> [Task goal]: Search the material for the word "with" and copy every line in which it occurs.

> [Record set]:
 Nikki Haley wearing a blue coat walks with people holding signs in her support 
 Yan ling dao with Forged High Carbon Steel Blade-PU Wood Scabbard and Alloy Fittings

--

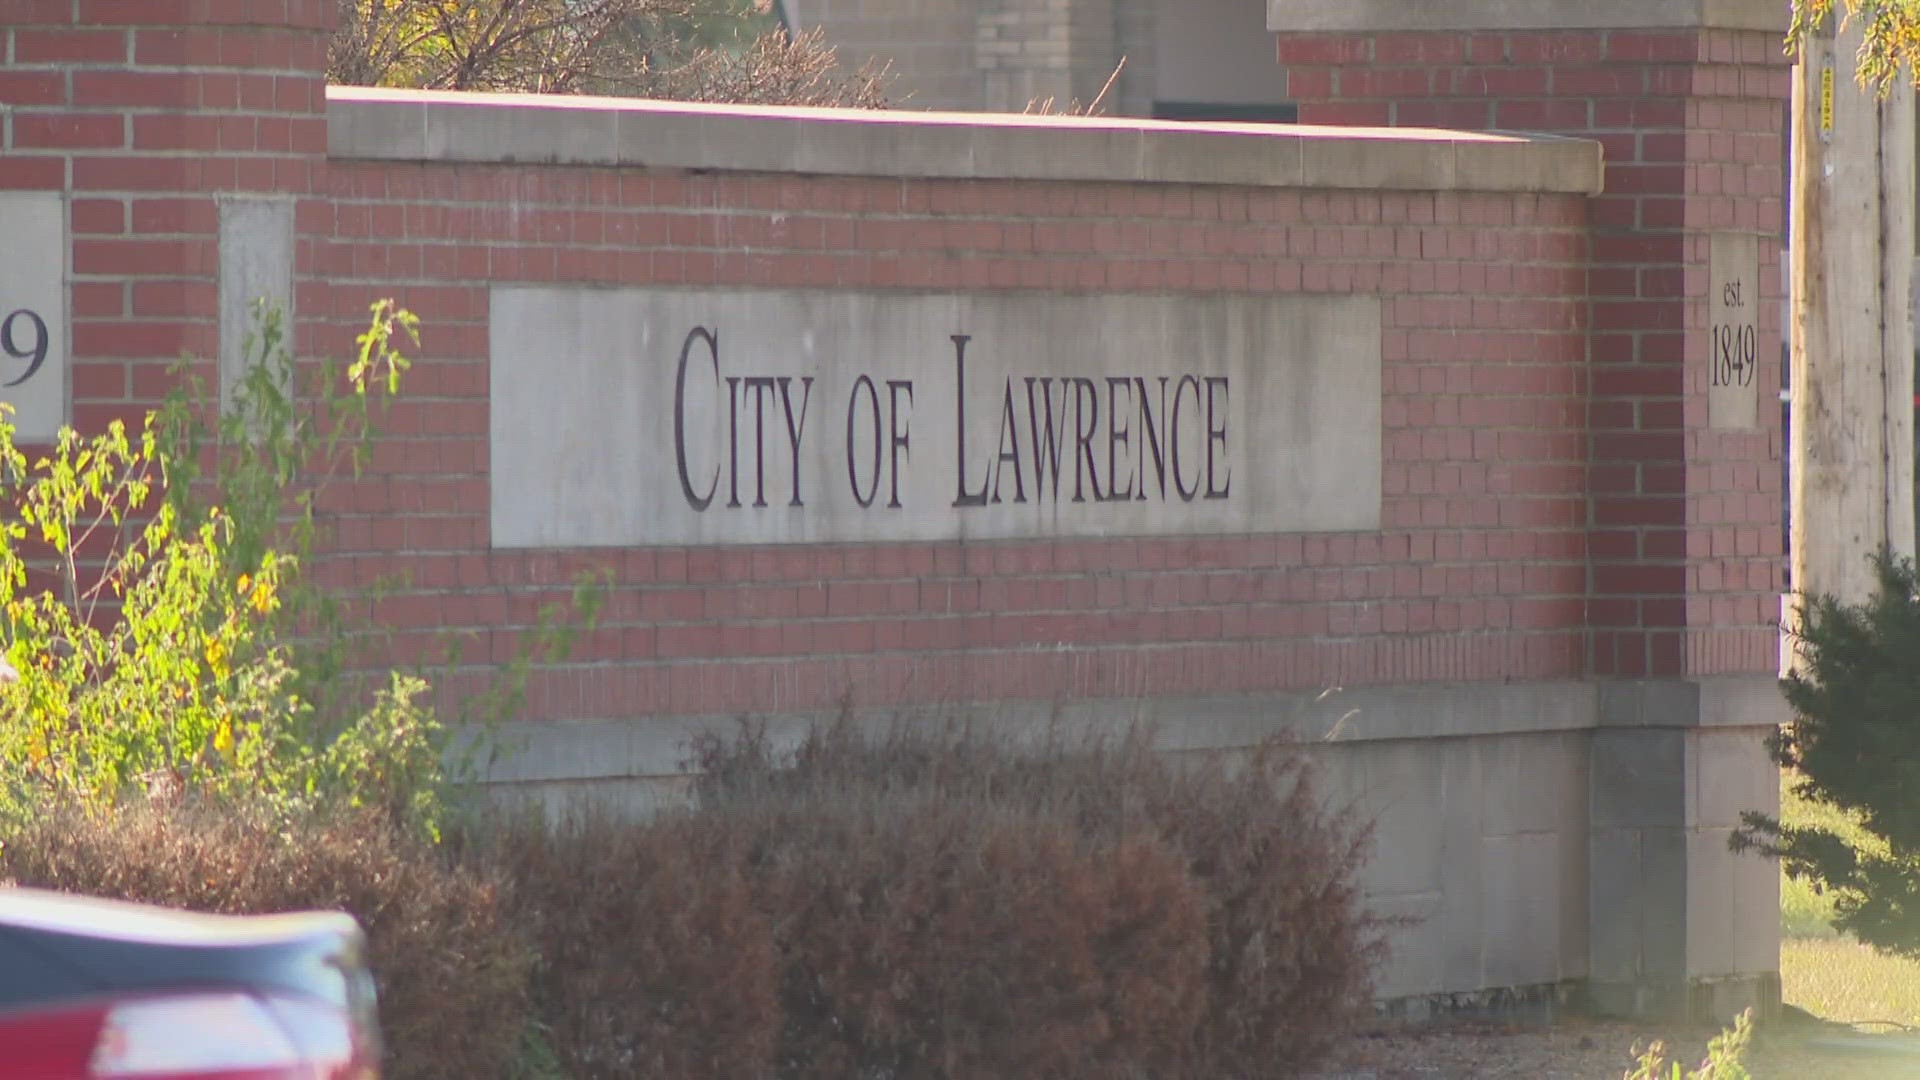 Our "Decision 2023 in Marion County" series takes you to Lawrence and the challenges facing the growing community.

> [Response below]:
 Nikki Haley wearing a blue coat walks with people holding signs in her support 
 Yan ling dao with Forged High Carbon Steel Blade-PU Wood Scabbard and Alloy Fittings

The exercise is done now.